You are viewing a plain text version of this content. The canonical link for it is here.
Posted to dev@subversion.apache.org by Karl Fogel <kf...@red-bean.com> on 2008/08/17 13:11:40 UTC

Re: svn commit: r32461 - trunk/notes

gstein@tigris.org writes:
> --- trunk/notes/wc-ng-design	Wed Aug 13 13:30:12 2008	(r32460)
> +++ trunk/notes/wc-ng-design	Wed Aug 13 13:42:30 2008	(r32461)
> @@ -306,8 +319,12 @@ There are 3 known models for storing met
>  groups of users:
>  
>   - in-subtree metadata storage (.svn subdir model, as in wc-1.0)
> +   ###GJS: euh... aren't we axing this? who has *requested* this?
>   - in-'tree root' metadata storage (working copy central)
>   - detached metadata storage (user-central)

Yeah, I also had thought we were just going to stop supporting that
model, except in non-upgrade situations (i.e., okay, you can keep your
old-style wc, but then you don't get any of the shiny new features).

> +Basic Storage Mechanics
> +-----------------------
> +
> +All metadata will be stored into a single SQLite database. This
> +includes all of the "entry" fields *and* all of the properties
> +attached to the files/directories. SQLite transactions will be used
> +rather than the "loggy" mechanics of wc-1.0.

Some kind of logginess, or at least carefully ordered actions, will
still be needed, since we've got working files to deal with.  But yeah,
I think the logginess will get a lot simpler with SQLite transactions.

> +Base text data will be stored in a multi-level directory structure,
> +keyed/named by the MD5 of the file. The database will record
> +appropriate mappings, content/compression types, and refcounts for the
> +base text files (for the shared case).
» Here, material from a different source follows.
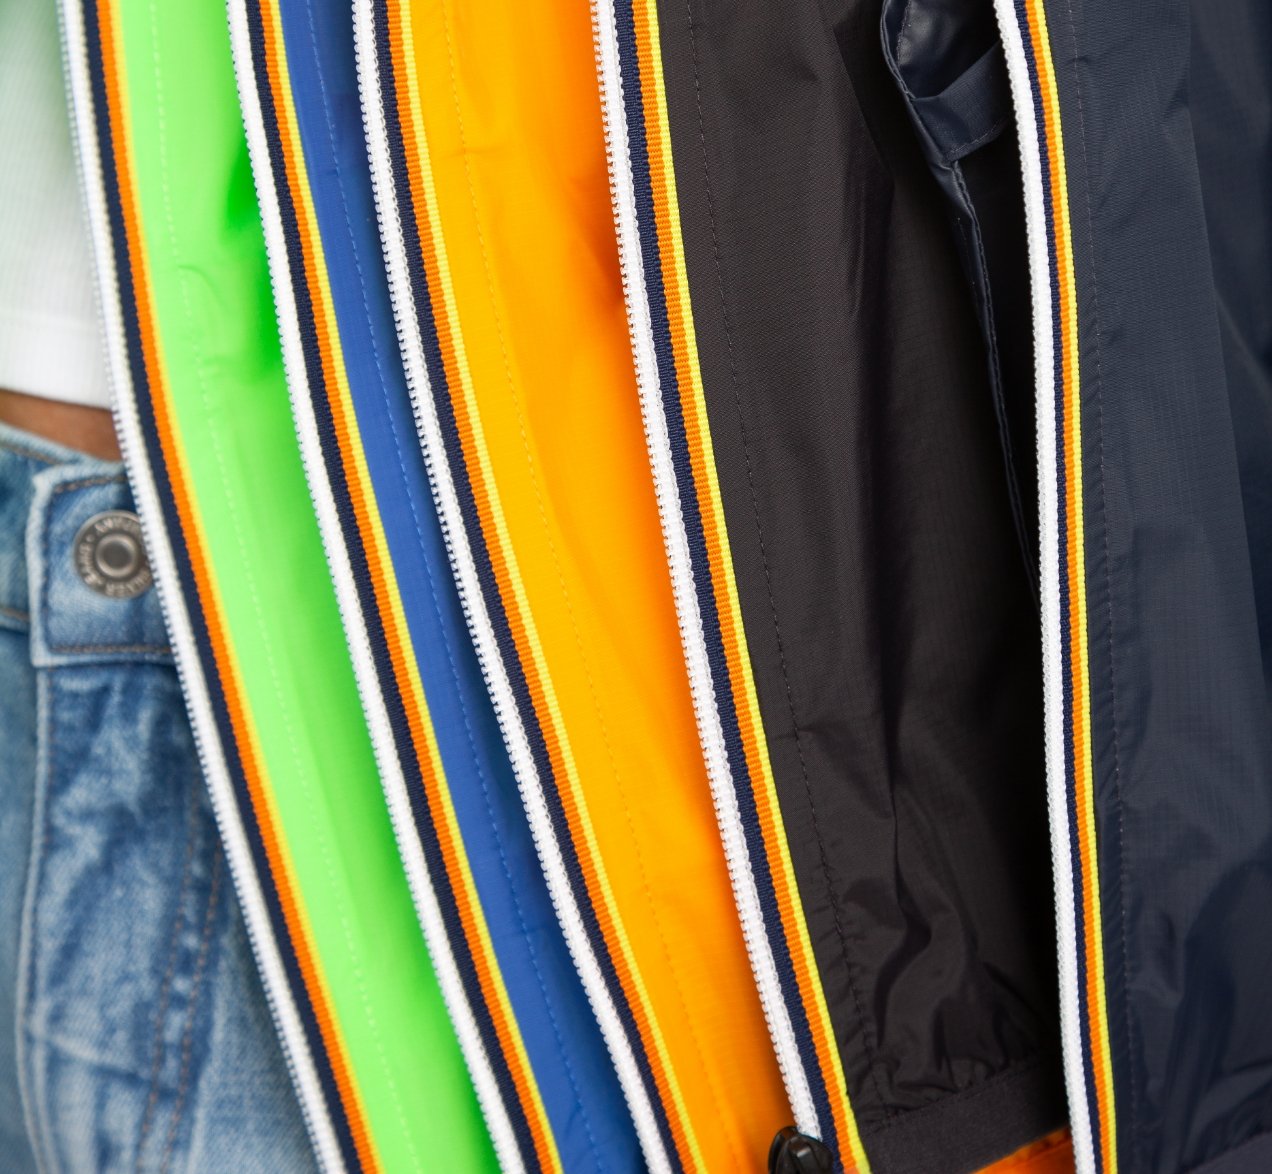 Kway now available at bootlegger

Sounds sane; we ought to be doing the same in the repository, really
(http://subversion.tigris.org/issues/show_bug.cgi?id=2286) :-).

-K

---------------------------------------------------------------------
To unsubscribe, e-mail: dev-unsubscribe@subversion.tigris.org
For additional commands, e-mail: dev-help@subversion.tigris.org

Re: svn commit: r32461 - trunk/notes

Posted by Branko Čibej <br...@xbc.nu>.
Karl Fogel wrote:
> Branko Čibej <br...@xbc.nu> writes:
>   
>> I'd been wondering about sqlite performance in this context. I have
>> not a single data point to anchor my worries to, there's just this
>> nagging guilt about the BDB mistake we made.
>>     
>
> I've nothing against revlog format, but I really think our issue with
> BDB was over-normalized data: a failure to consider the costs of all the
> parsing and dereferencing involved in our
> extremely-comprehensible-but-er-not-so-extremely-performant schema of
> representations/entries/props/whatnot expressed as skels.
>
> Neither BDB nor SQLite by themselves need mean performance problems.
> The issue is how we use them.
>   

That is arguably the case ... though I do have some unrelated-to-svn 
data that suggest BDB can stab you in the back performance-wise quite 
unexpectedly.

That said, we could've done a much better job at configuring BDB for 
performance in our repos. Water under the bridge ... and too many knobs 
to turn, at that.

-- Brane


---------------------------------------------------------------------
To unsubscribe, e-mail: dev-unsubscribe@subversion.tigris.org
For additional commands, e-mail: dev-help@subversion.tigris.org

Re: svn commit: r32461 - trunk/notes

Posted by Karl Fogel <kf...@red-bean.com>.
Branko Čibej <br...@xbc.nu> writes:
> I'd been wondering about sqlite performance in this context. I have
> not a single data point to anchor my worries to, there's just this
> nagging guilt about the BDB mistake we made.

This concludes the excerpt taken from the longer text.